В тот день в палате Кинтаны в Пресвитерианской больнице, когда я читала сверку “Ничто не утрачено”, мне показалось, что в последнюю фразу этого отрывка о Дж. Дж. Маклюре, Терезе Кин и торнадо, возможно, вкралась ошибка. Я никогда не изучала специально грамматику, полагаясь лишь на то, что на мой слух звучало верно, но тут я не была уверена, что это звучит верно. Фраза в сверке выглядела так: “Это было настолько близко объяснению в любви, насколько Дж. Дж. был способен на подобное объяснение”. Я бы вставила предлог: “Это было настолько близко к объяснению в любви, насколько Дж. Дж. был способен на подобное объяснение”.

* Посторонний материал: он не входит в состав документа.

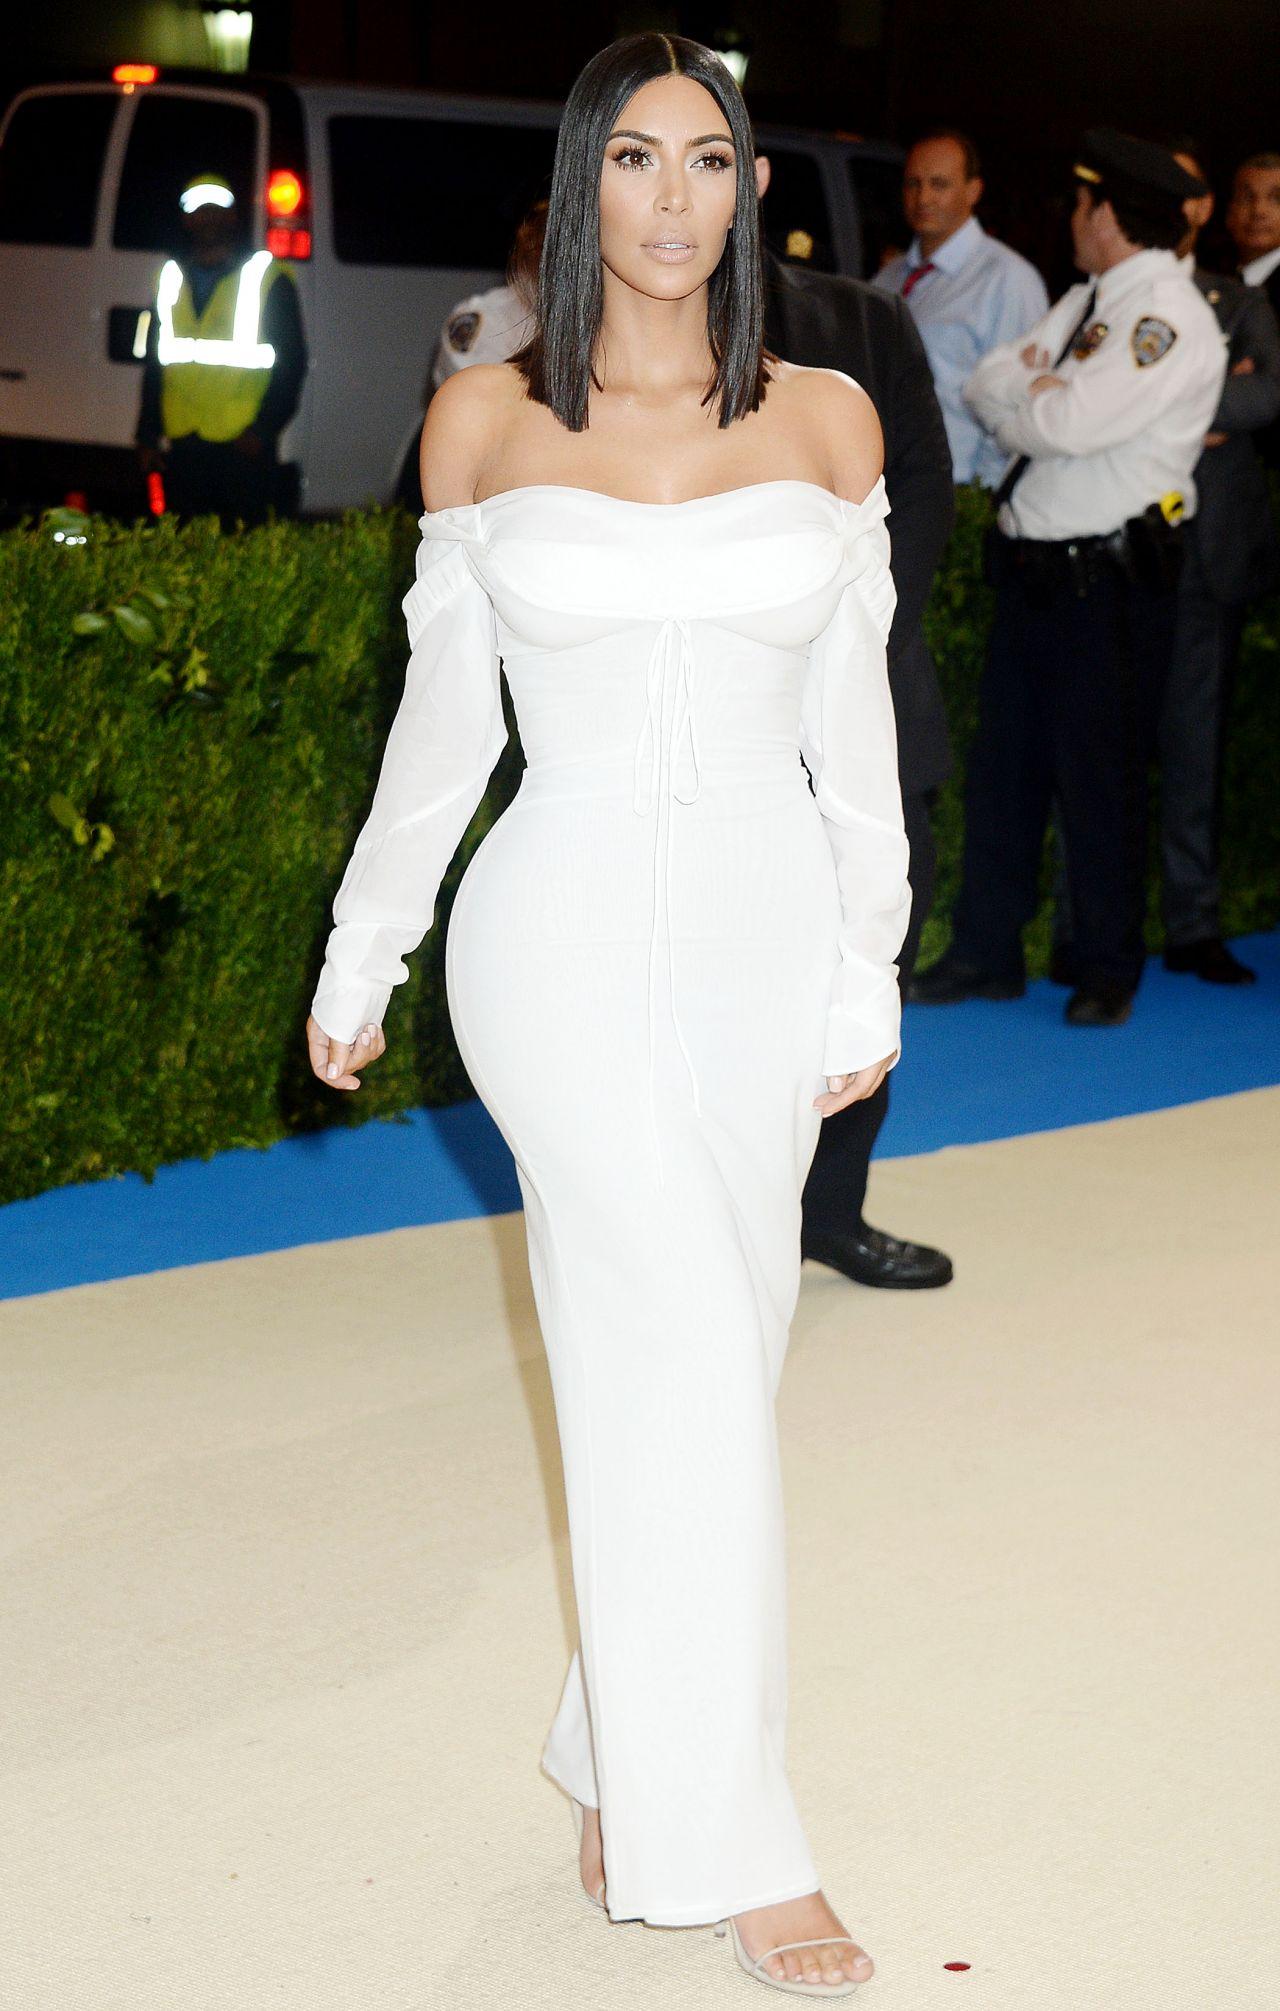 Kim Kardashian at MET Gala in New York 05/01/2017 Kim Kardashian

Я сидела у окна и смотрела на льдины на Гудзоне и думала над этим предложением. “Это было настолько близко объяснению в любви, насколько Дж. Дж. был способен на подобное объяснение”. Это важное предложение, и раз уж ты его написал, ты бы не хотел написать его с ошибкой – но опять-таки, если ты специально написал его именно так, ты бы не хотел, чтобы его исправляли. Как же он его написал? Что имел в виду? Каким хотел его видеть? Решение оставалось за мной. Какой бы выбор я ни сделала – возможно, именно этим выбором подведу Джона, даже предам. И это была одна из причин, отчего я плакала в палате Кинтаны. Вернувшись в тот день домой, я проверила корректуру, и первую сверку, и черновой файл. Ошибка – если это ошибка – была там с самого начала. Я не стала исправлять это предложение.

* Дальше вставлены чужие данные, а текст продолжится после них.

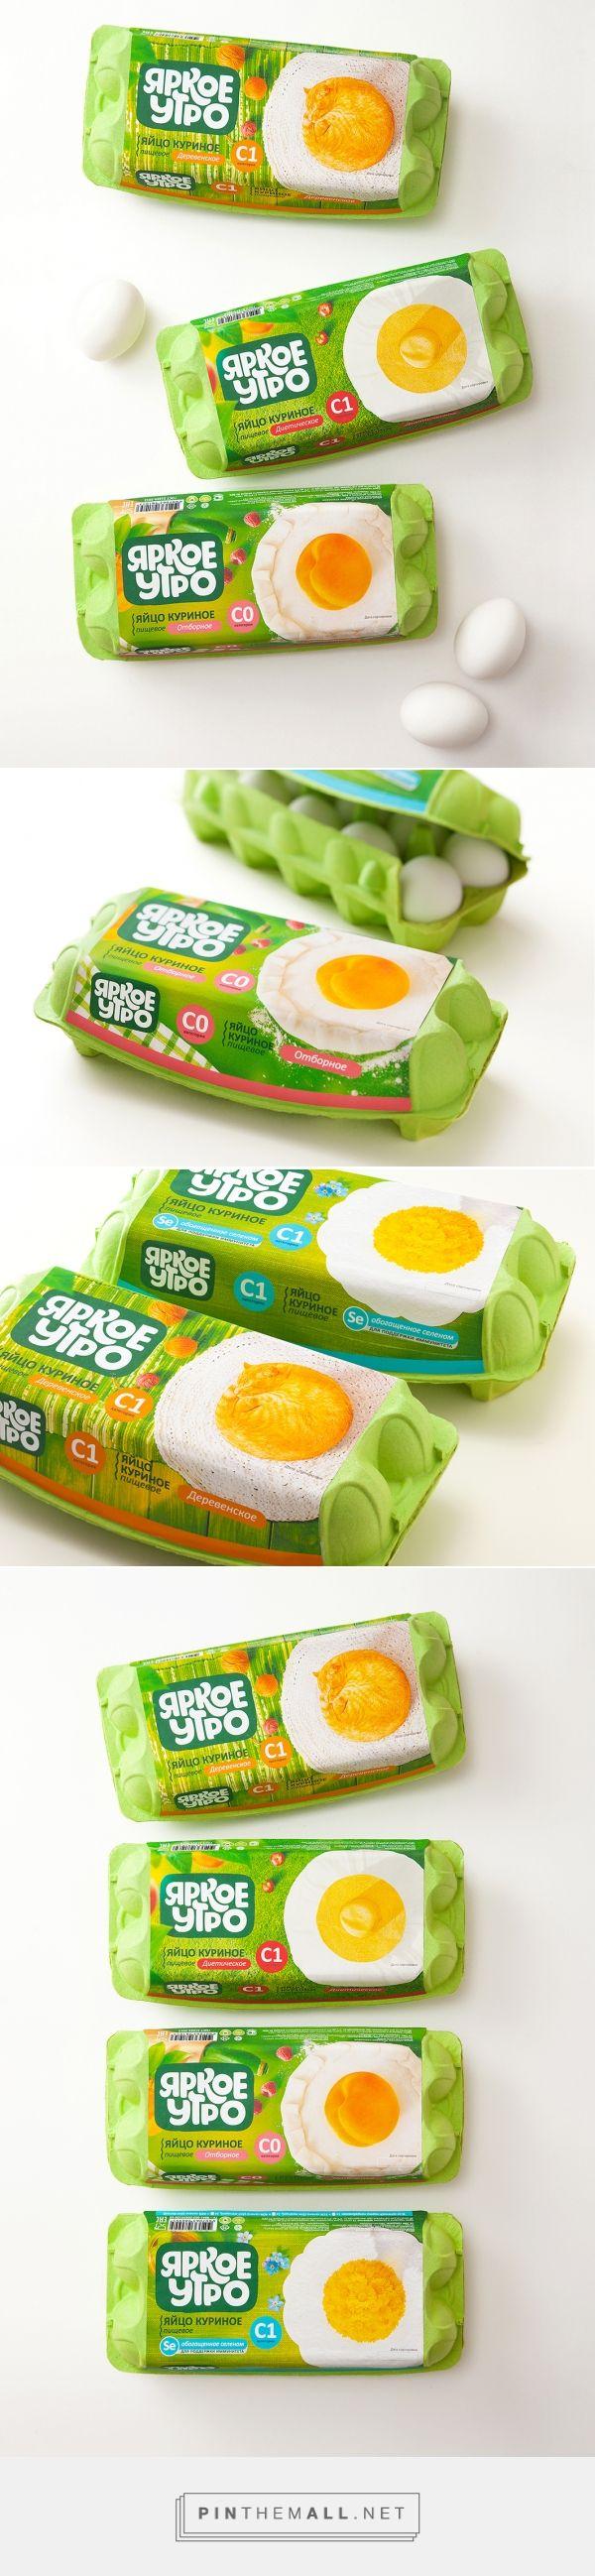 Bright Morning #egg #packaging #design by Brandiziac - http://www.packagingoftheworld.com/2017/04/bright-morning.html

Почему ты всегда должна быть права.
Почему за тобой всегда должно быть последнее слово.
Хоть раз в жизни – просто оставь как есть.
12
Кинтана и я летели на Восток на “Сессне”, которая заправлялась на кукурузном поле в Канзасе, 30 апреля 2004 года. На протяжении мая, июня и первой половины июля, пока она находилась в Институте Раска, я мало что могла для нее сделать. Я почти каждый день ездила после обеда на Восточную Тридцать четвертую улицу повидать ее, но терапия продолжалась почти непрерывно с восьми утра до четырех, и в половину седьмого, самое позднее к семи ее клонило в сон. С медицинской точки зрения она была стабильна. Могла есть самостоятельно – гастростому пока не убирали, но и не использовали. Восстанавливалась подвижность в правой руке и ноге. Восстанавливалась и подвижность правого глаза, без которого Кинтана не могла читать. По выходным, когда не было терапии, Джерри возил ее на обед и в кино где-нибудь поблизости. Потом он ужинал с ней. Устраивали пикники, и к ним присоединялись друзья. Пока Кинтана находилась в Институте Раска, я могла поливать цветы у нее на подоконнике, могла отыскать чем-то (непонятно чем) отличающиеся кеды, которые велел купить ей физиотерапевт, могла сидеть с ней в теплице рядом с холлом клиники и следить за парчовыми карпами в пруду, но, когда она покинет реабилитационную клинику, я не смогу делать даже это. Кинтана приближалась к тому моменту, когда – если мы хотим, чтобы она полностью выздоровела – ей снова понадобится самостоятельность.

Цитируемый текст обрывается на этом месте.